Capital flight is where investors and businesses remove their money and assets from one country. It can occur due to economic or political factors such as economic recessions or unstable governments. Either way, it encourages investors and businesses alike to transfer their capital away and towards other nations.

Does a country suffering from Dutch disease become a rentier state?

Bad governance in Iran has created Dutch Disease, Rentier State, and Resource Curse, DRR as a characteristic triangle. As the Iranian annual budget is financed by oil revenue, it is involved in a rentier state case.

Which country were the Dutch belongs to?

the Netherlands Nederlanders) are a Germanic ethnic group and nation native to the Netherlands.

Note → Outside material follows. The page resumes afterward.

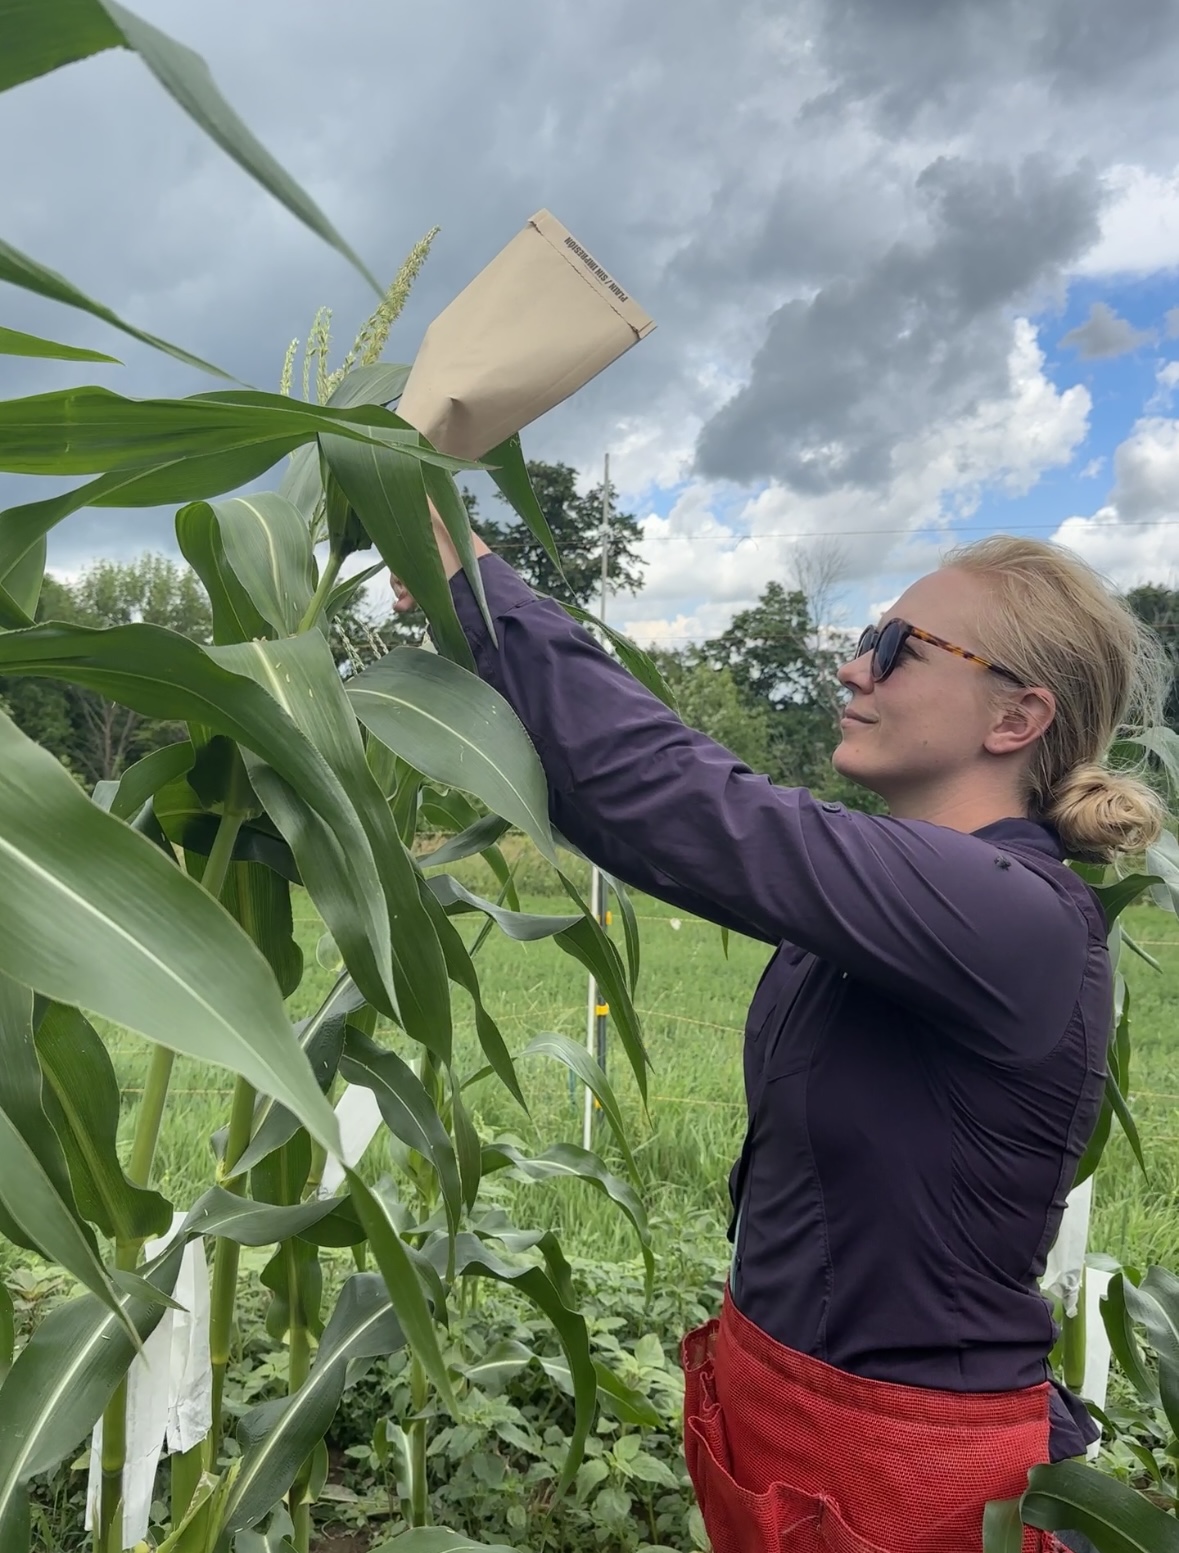 A blonde woman wearing sunglasses and a long-sleeved top placing a paper bag over corn stalk for hand pollinating.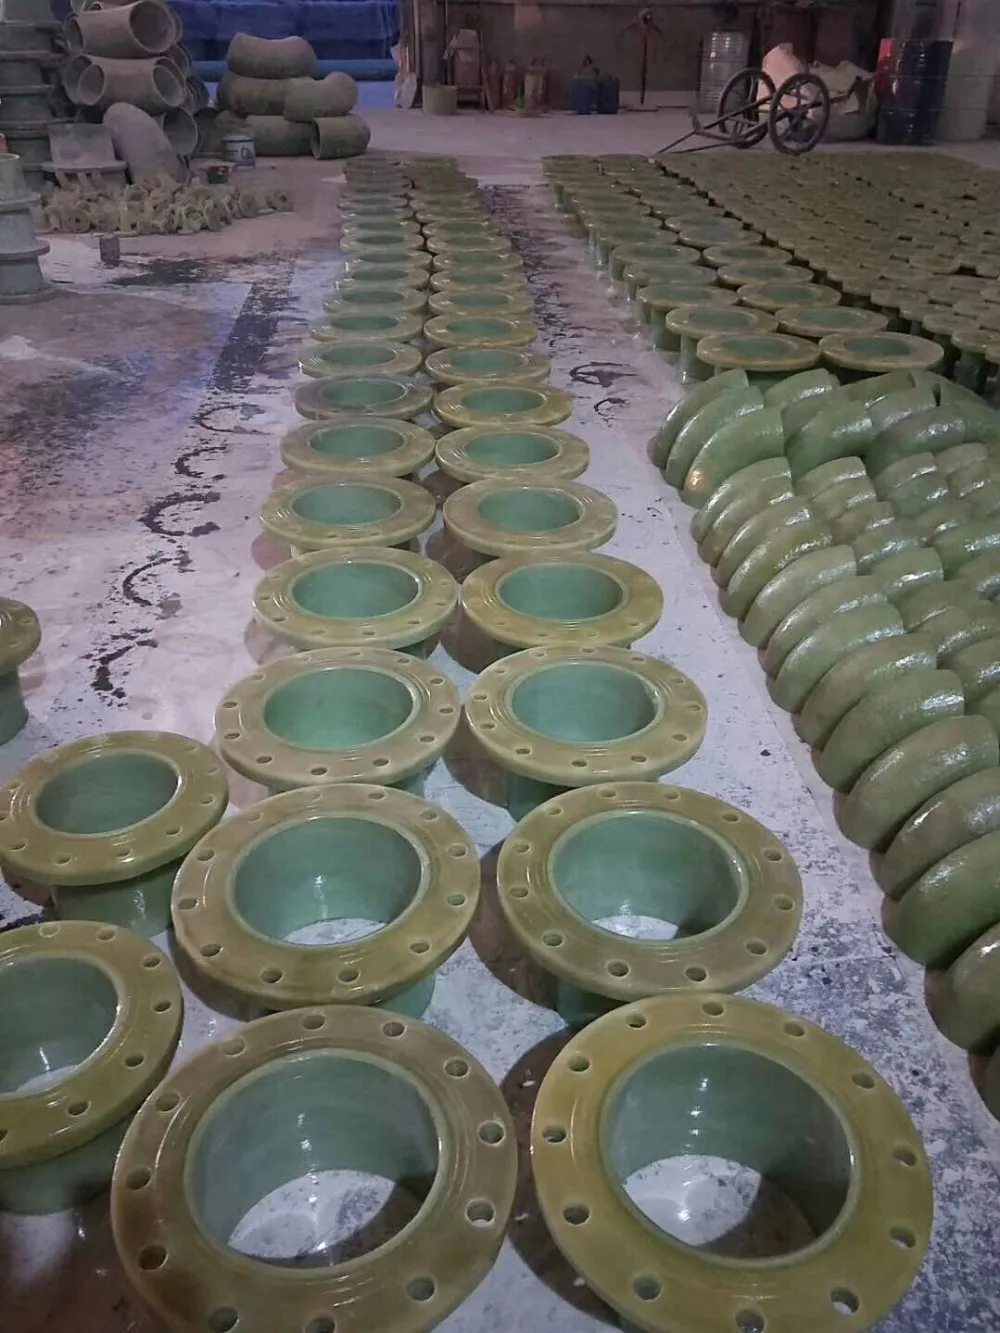 Grp Frp Fiberglass Flanges For Pipe Connection And Coupling,Frp Grp Gre

Did Norway escape the resource curse?

After catching- up with its neighbors, Norway surprisingly maintained a higher pace, and appears to have escaped the curse and the disease.

Does Norway have Dutch disease?

In many countries, oil and gas resources have proved detrimental to economic development. Norway is often presented as a resource-abundant economy which has avoided symptoms of resource curse, such as Dutch disease.

Is Norway a Petrostate?

A petrostate is a nation whose economy is heavily dependent on the extraction and export of oil or natural gas. The presence alone of large oil and gas industries does not define a petrostate, as countries like Norway, Canada, and the United States are major oil producers, but also have diversified economies.

What is the natural resource trap?

The resource curse, or resource trap, is a paradoxical situation in which countries with an abundance of non-renewable natural resources experience stagnant economic growth or even economic contraction.

What is the meaning of rent seeking?

Rent seeking is an economic concept that occurs when an entity seeks to gain wealth without any reciprocal contribution of productivity. … An example of rent seeking is when a company lobbies the government for grants, subsidies, or tariff protection.

What is classical growth theory?

Classical growth theory was developed by (mostly British) economists during the Industrial Revolution. Classical growth theory explains economic growth as a result of capital accumulation and the reinvestment of profits derived from specialization, the division of labor, and the pursuit of comparative advantage.